This invention relates to the valve art, and, more particularly, to butterfly, ball and plug valves.
The invention is particularly applicable to a new and improved stop cam arrangement for limiting handle rotation to a pre-selected angular degree and for selective adjustment of stop limit locations to position a valve sealing member at optimum efficiency open and closed positions. However, it will become readily apparent to those skilled in the art that the invention is capable of broader applications and could be adapted for use in other types and styles of cam stop arrangements.
Ball valve constructions in commercial use typically employ many different types of stop arrangements useful for ball, butterfly or plug-type valves. Standard butterfly and ball valves usually require a ninety degree movement to take the valve element between a full open and a full closed position. Since an operator typically has no way of knowing the orientation of a valve element mounted in a valve body, handle stop and direction indicators located on the valve allow an operator to generally determine the valve element orientation and to thereby open or close the valve to a full open or full flow position, a fully closed position, or an intermediate limited flow position.
The various forms and types of stop cam arrangements which have heretofore been employed in the valve industry have met with varying degrees of success in that some of the devices have suffered from limited practical value.
Typically, a stop cam arrangement will comprise a flange or extending element depending from the valve handle and disposed for engagement with a portion of the valve body or a protrusion thereon. Although such prior known arrangements have been successful in limiting handle rotation to a particular degree, they have all suffered from one substantial problem. Often, tolerance stacking during the manufacturing process results in the valve element being slightly out of line or cocked with the valve inlet and outlet ports. Such a misalignment has caused less than optimum flow through the valve when open, due to the obstruction of a cocked valve element, and may even cause valve leaking when a stop position is so misaligned as to fail to orient the valve element in a sealing position. Consequently, it is desirable and, often times necessary, to adjust the handle limit stops to achieve the desired and optimum valve element alignments at the open and closed positions.
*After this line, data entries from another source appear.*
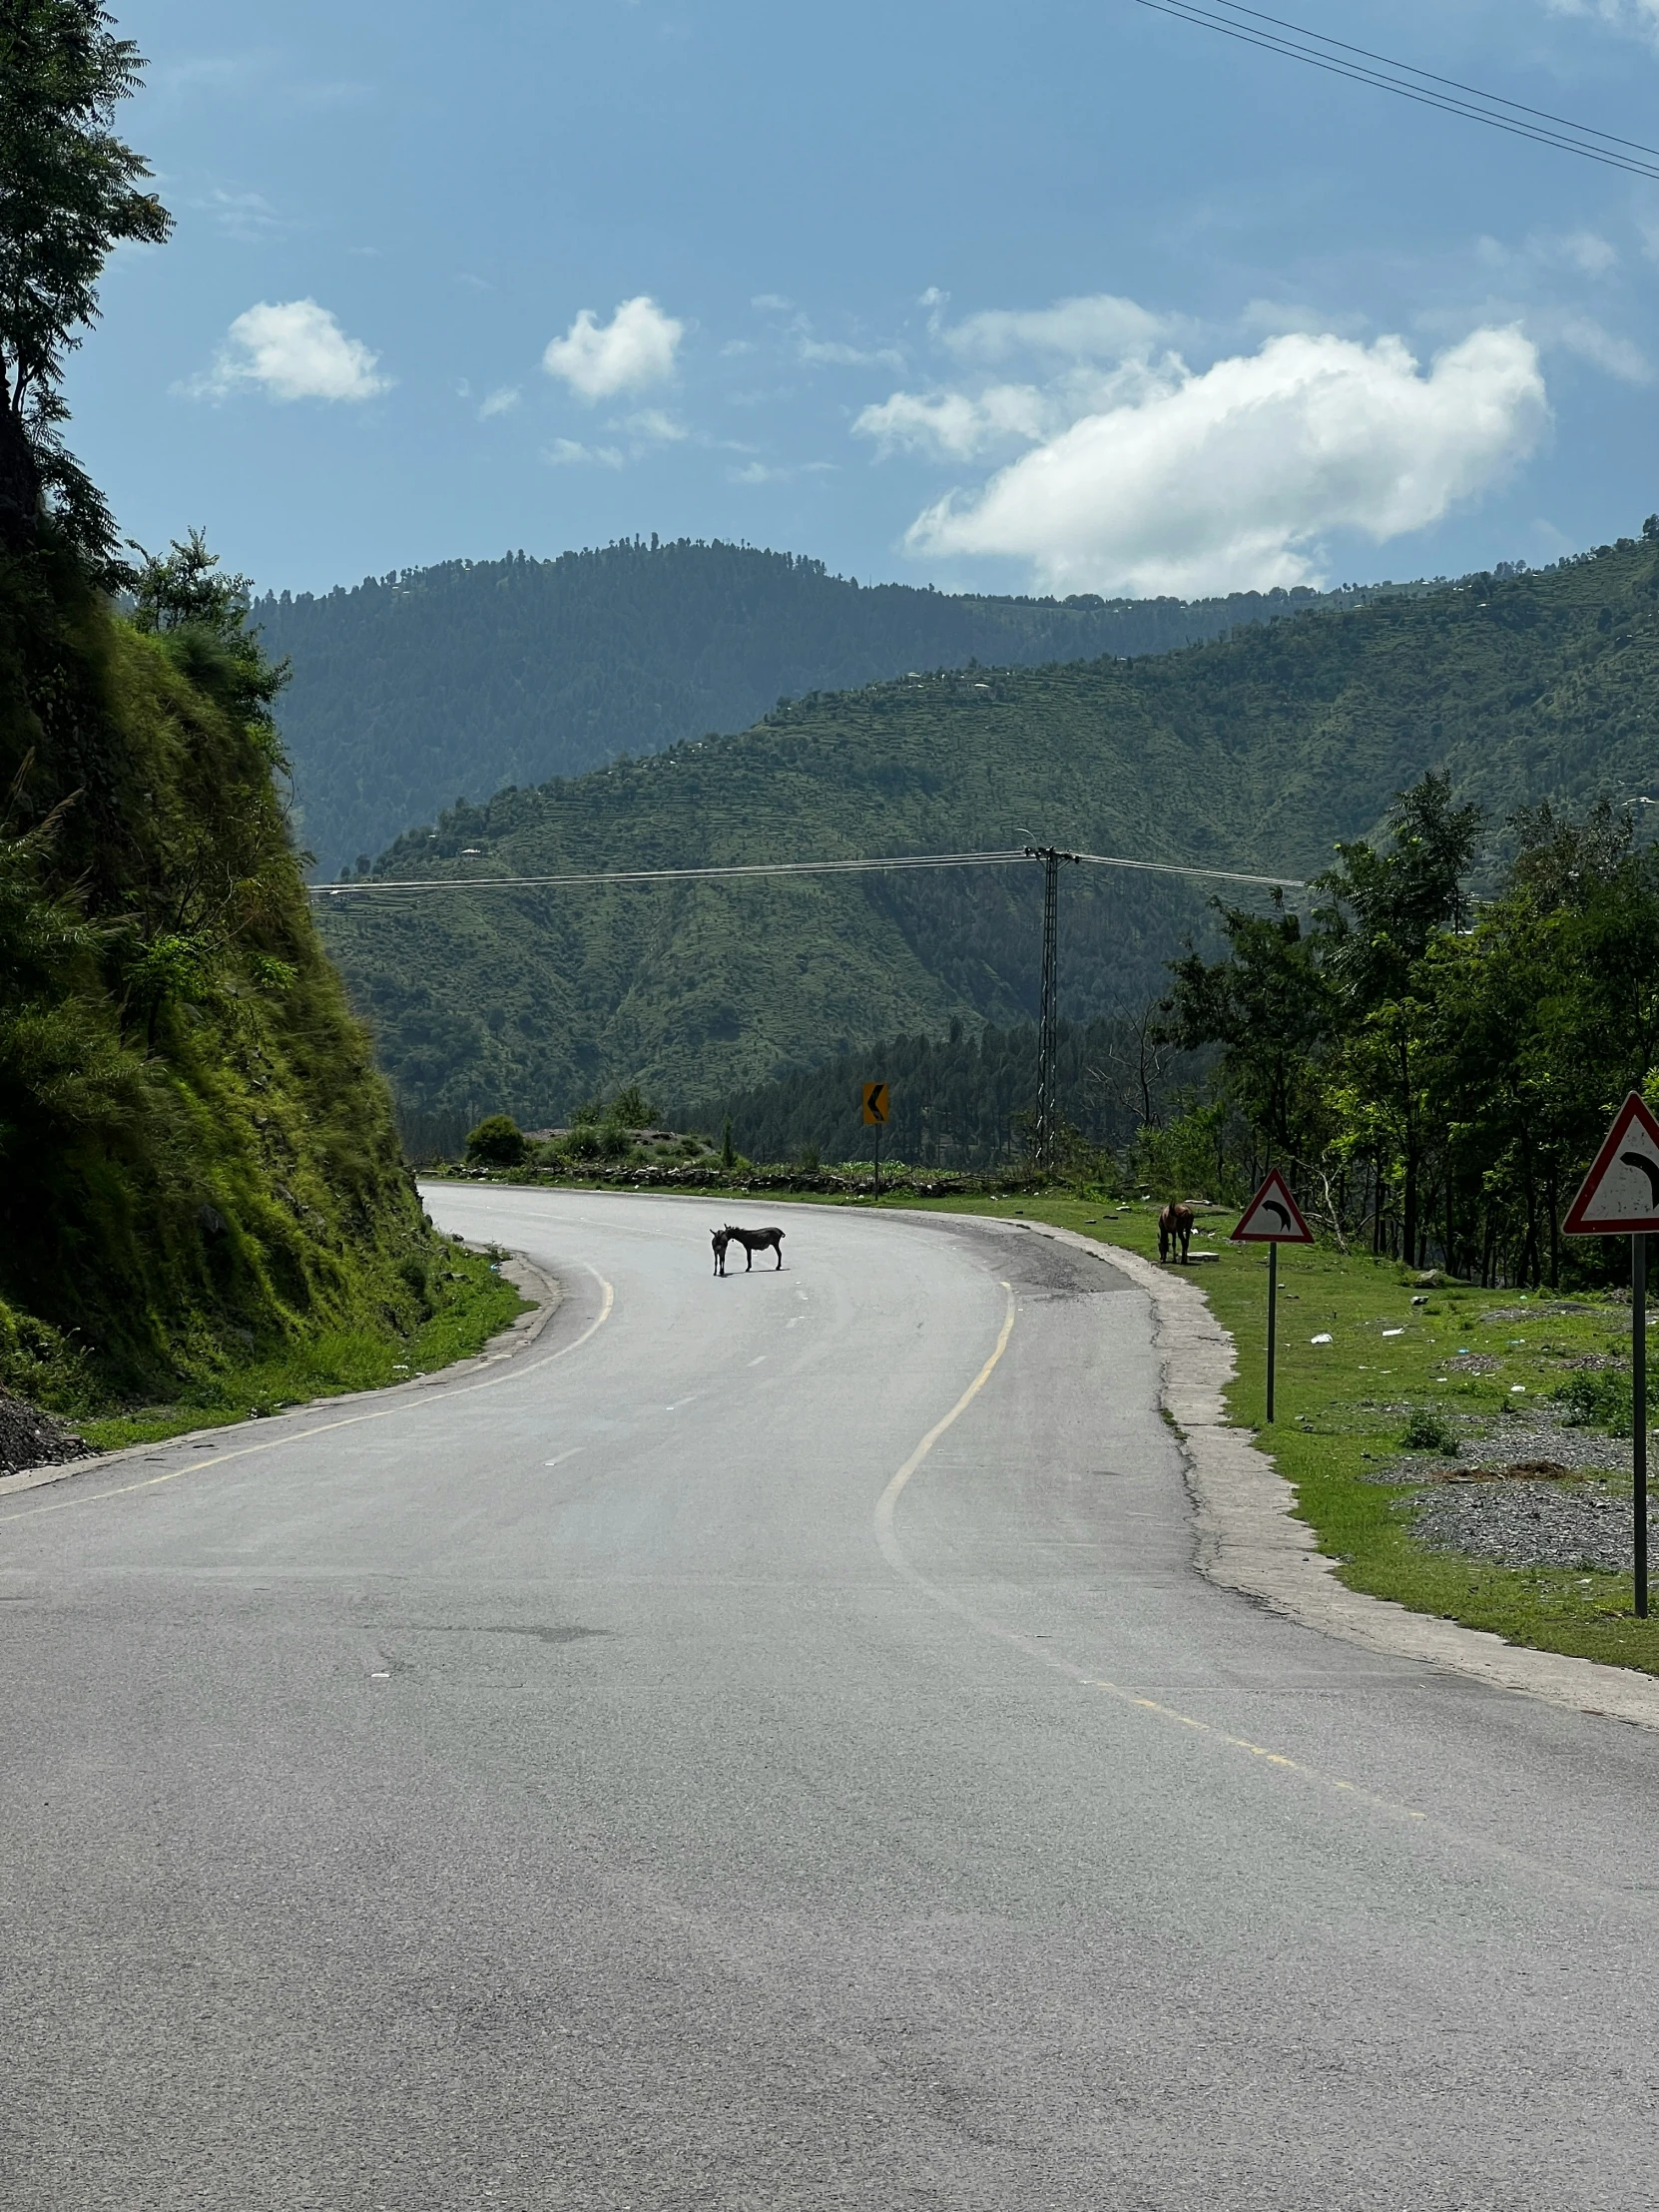 two dogs walking on the side of the road
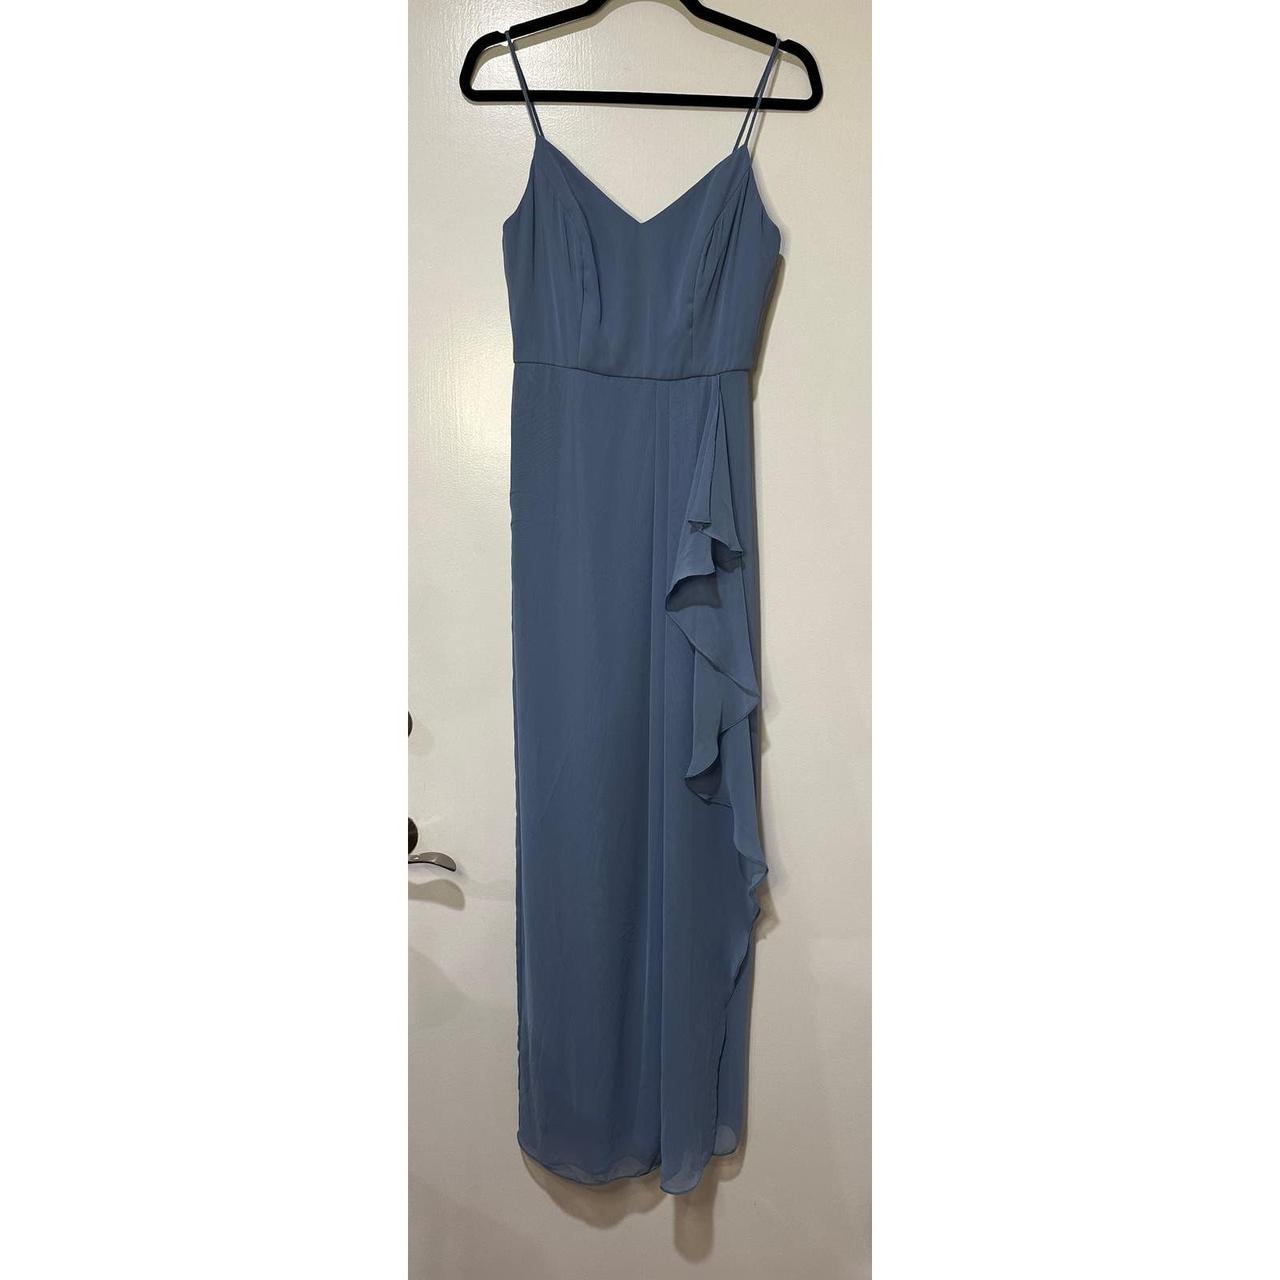 item listed by thrift_up_oc
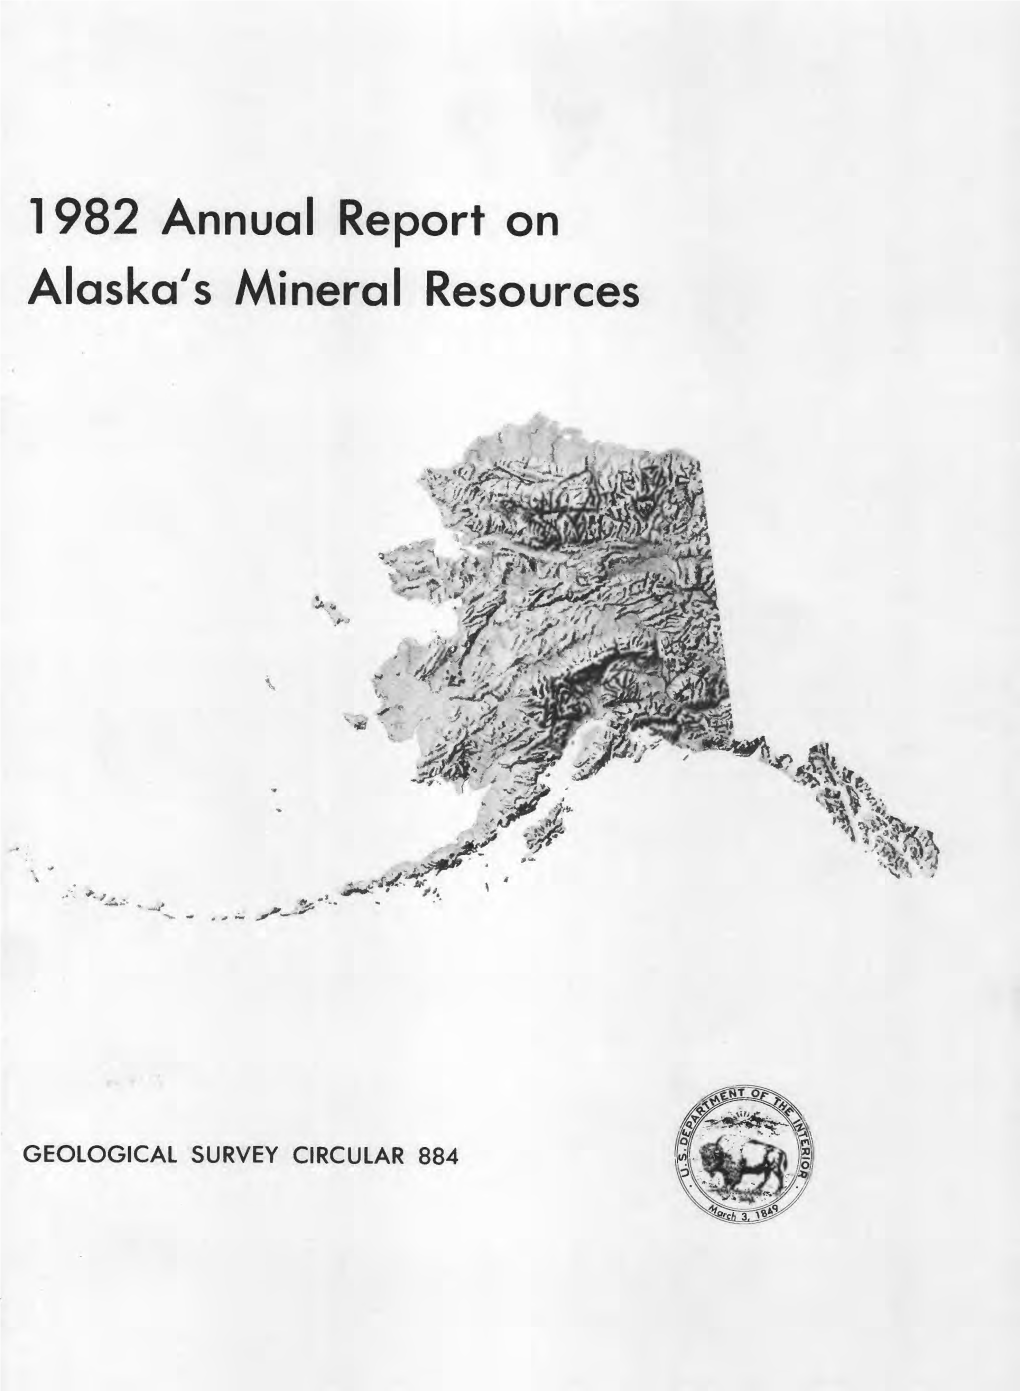 1982 Annual Report on Alaska's Mineral Resources

Although adjustable stop cam arrangements are known for adjusting the limits of movement of a valve sealing member, such adjustable stop elements have comprised clamped or threaded members which are necessarily independently adjustable to define the stop points. Such independent adjustment of stop limits too often allows a variance in the range of movement in the valve element and in the position of the stops for a valve handle. In other words, since one end of the valve movement is always adjustable by one element and the other end of the valve movement is adjustable by another element, there can be no corresponding adjustment of the opposite end of valve path movement upon adjustment of a first end. Such non-corresponding adjustment has resulted in problems and difficulty in setting the handle stop limits and in complicating the manufacturing process.
More specifically, although alignment of a valve element such as ball member having a fluid flow opening may be easily visibly detectible in the fully open position, the fully closed position may not be so easily determined. Accordingly, some conjecture is involved in setting an independently setable closed stop limit after having first independently set an open stop limit.
It has, therefore, been desired to develop a constant displacement dual position cam stop assembly for a valve which could be employed to selectively set the valve element stop limits to align the valve element in an optimum full flow open position and correspondingly a fully closed position. Preferably, such a design would eliminate the problems of non-alignment caused by tolerance stacking during manufacture of the valve.
The present invention contemplates a new and improved dual position cam stop assembly which overcomes all of the above referred to problems and others to provide a new and improved cam stop arrangement which facilitates increased manufacturing efficiency in construction and setting of valve element stop limits, is simple in design, economical to manufacture and readily adaptable to a plurality of type of valves having a variety of dimensional characteristics.